Chardonneret pour un moment : la bataille des experts au Venezuela pour sauver un oiseau en danger

Publié le 18 Février 2025

Astrid Arellano

4 février 2025

 

  • Le groupe a enregistré la naissance de 47 poussins de chardonneret rouge également appelé tarin rouge (Spinus cucullatus, cardenalito), une étape importante dans la conservation d’un oiseau classé « en danger critique d’extinction » en raison du commerce illégal et de la perte de son habitat naturel.
  • Ce résultat triple le chiffre obtenu au cours des deux années précédentes.
  • Les naissances ont eu lieu au Centre de Conservation Cardinal au Venezuela (CCCV), inauguré en 2019 à l'intérieur du zoo Leslie Pantin, à Aragua.
  • Le projet, dirigé par l'organisation Provita, vise à réhabiliter et à reproduire des cardenalitos sauvés du trafic illégal ou cédés volontairement, et les spécialistes espèrent qu'à l'avenir, ils pourront être rendus à la nature.

 

Les oiseaux sont si petits que pour les trouver, il faut tendre les yeux à travers une fenêtre. Avec un peu d'effort, il est possible de les repérer perchés sur la végétation sauvage qui se trouve à l'intérieur de la volière.

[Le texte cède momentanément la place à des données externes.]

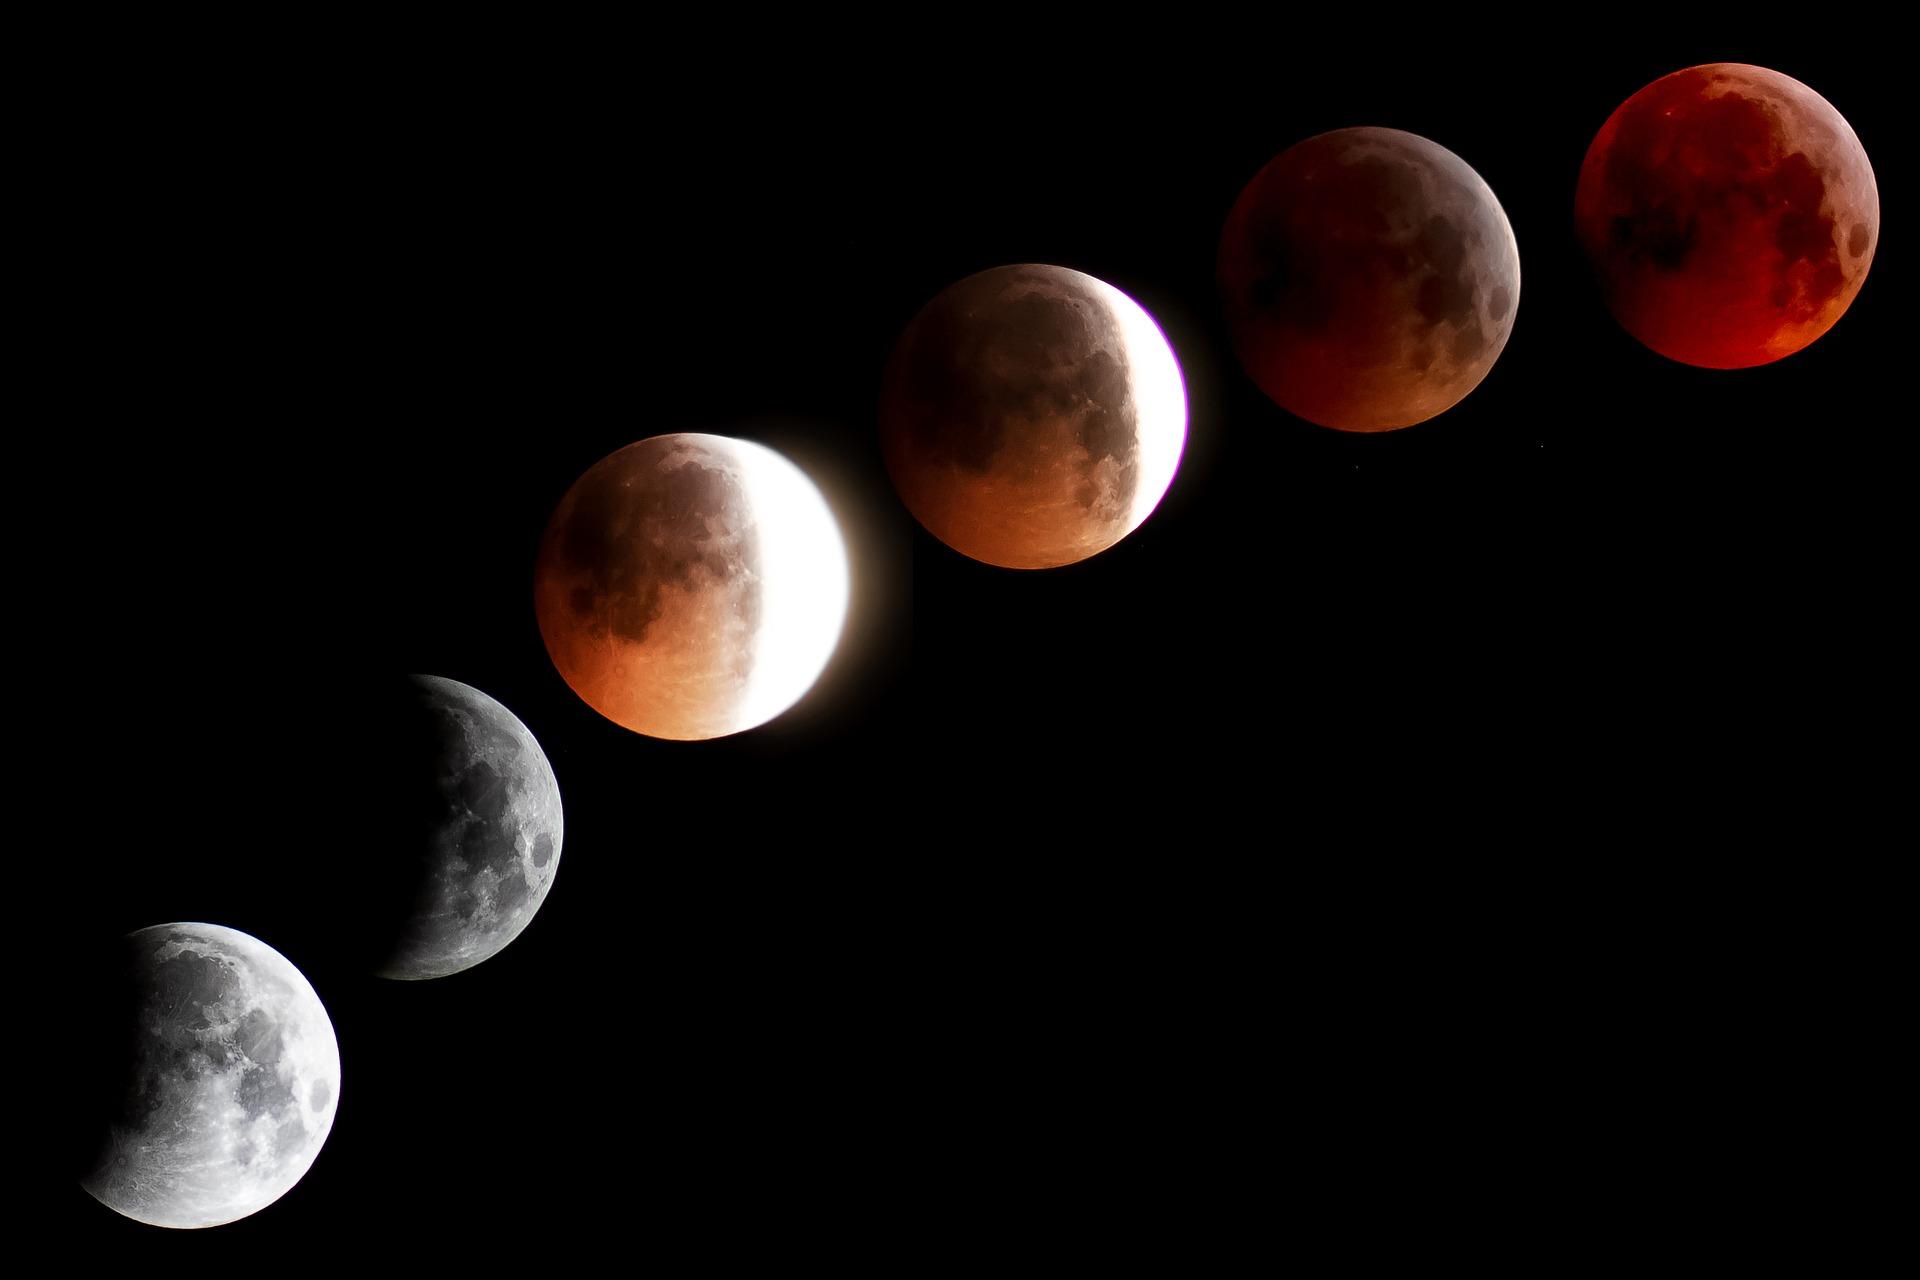 Fenomene astronomice - Luna plina

Ils savent très bien se camoufler, mais la couleur de leur plumage les trahit : le rouge intense des chardonnerets rouges (Spinus cucullatus) ressort particulièrement. Ils sont d’une beauté exceptionnelle, convoités par les trafiquants illégaux depuis plus de 100 ans.

Un projet vise à changer l’histoire de cette espèce en danger critique d’extinction. Au Centre de Conservation du Cardinal Vénézuélien (CCCV) — que l' organisation Provita a fondé au sein du zoo Leslie Pantin d'Aragua — la création de volières pour l'élevage en captivité a été essentielle pour sauver l'espèce. Les populations sauvages ont été considérablement réduites en raison du commerce illégal d’animaux de compagnie et de la perte d’habitat due à l’agriculture et à l’urbanisation.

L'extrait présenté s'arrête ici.